Problem Explaination
Hello there ! I am trying to use the cuPCL repository: GitHub - NVIDIA-AI-IOT/cuPCL: A project demonstrating how to use the libs of cuPCL. such to preprocess the PointCloud by a Voxel Downsampling Filter prior to using a the defined Clusterer. The program runs smoothly without the Voxel Downsampling , but the problem comes when only making an Instance of the filter as shown below:
cudaExtractCluster cudaec(stream);
cudaFilter filterTest(stream);
or
cudaFilter filterTest(stream2); (Same or different streams does not matter)
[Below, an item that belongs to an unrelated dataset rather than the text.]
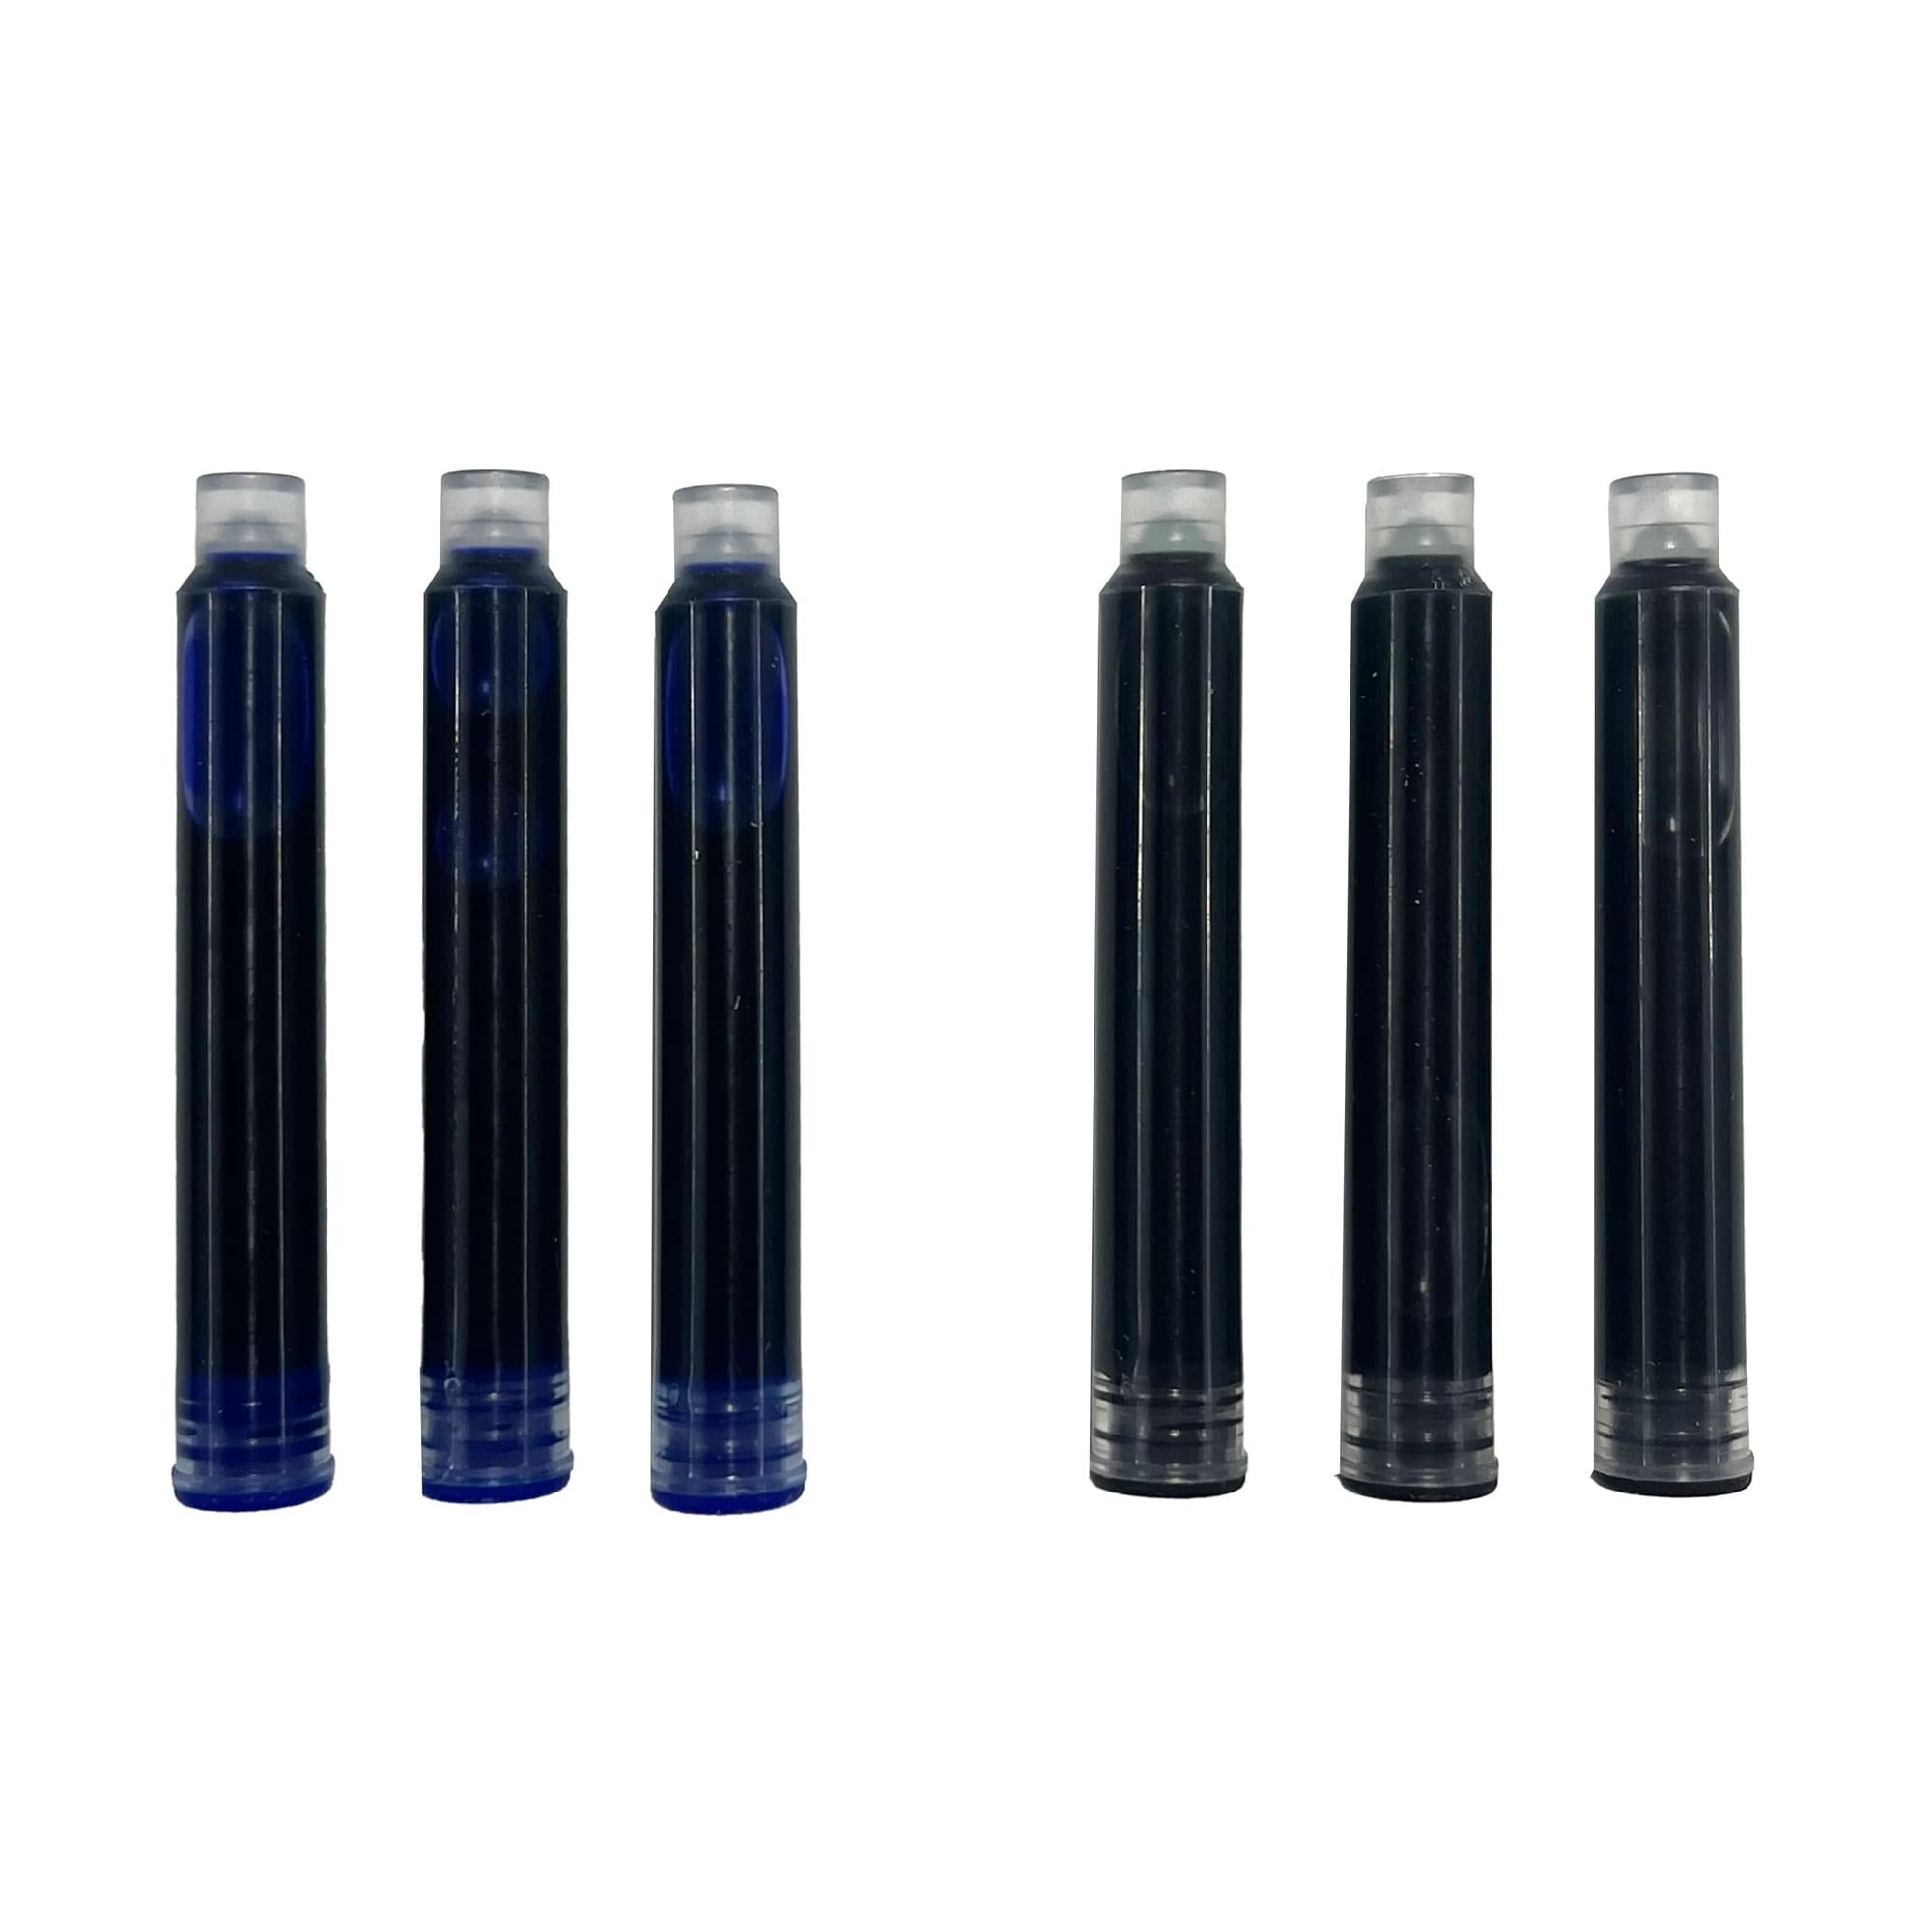 Ooly Splendid Fountain 1 Pen & 3 Refills Black | 132-069

So just using one works, but both produces: Cuda failure: an illegal memory access was encountered at line 138 in file cudaFilter.cpp error status: 700
After some trials with Debugging with CUDA-GDB and CUDA MEMCHECK I came to the following results but do not quite sure if they can be solved as the classes are implemented in a precompiled .so files:
- Both classes invoke the cudaFillVoxelGirdKernel, and the error occurs on the Kernel Launch of the first function call that invokes the Kernel Launch :
Thread 1 "collision_avoid" received signal CUDA_EXCEPTION_1, Lane Illegal Address.
[Switching focus to CUDA kernel 0, grid 6, block (3,0,0), thread (160,0,0), device 0, sm 6, warp 4, lane 0]
0x0000555555d50eb0 in cudaFillVoxelGirdKernel(float4*, int4*, int4*, float4*, unsigned int, float, float, float) ()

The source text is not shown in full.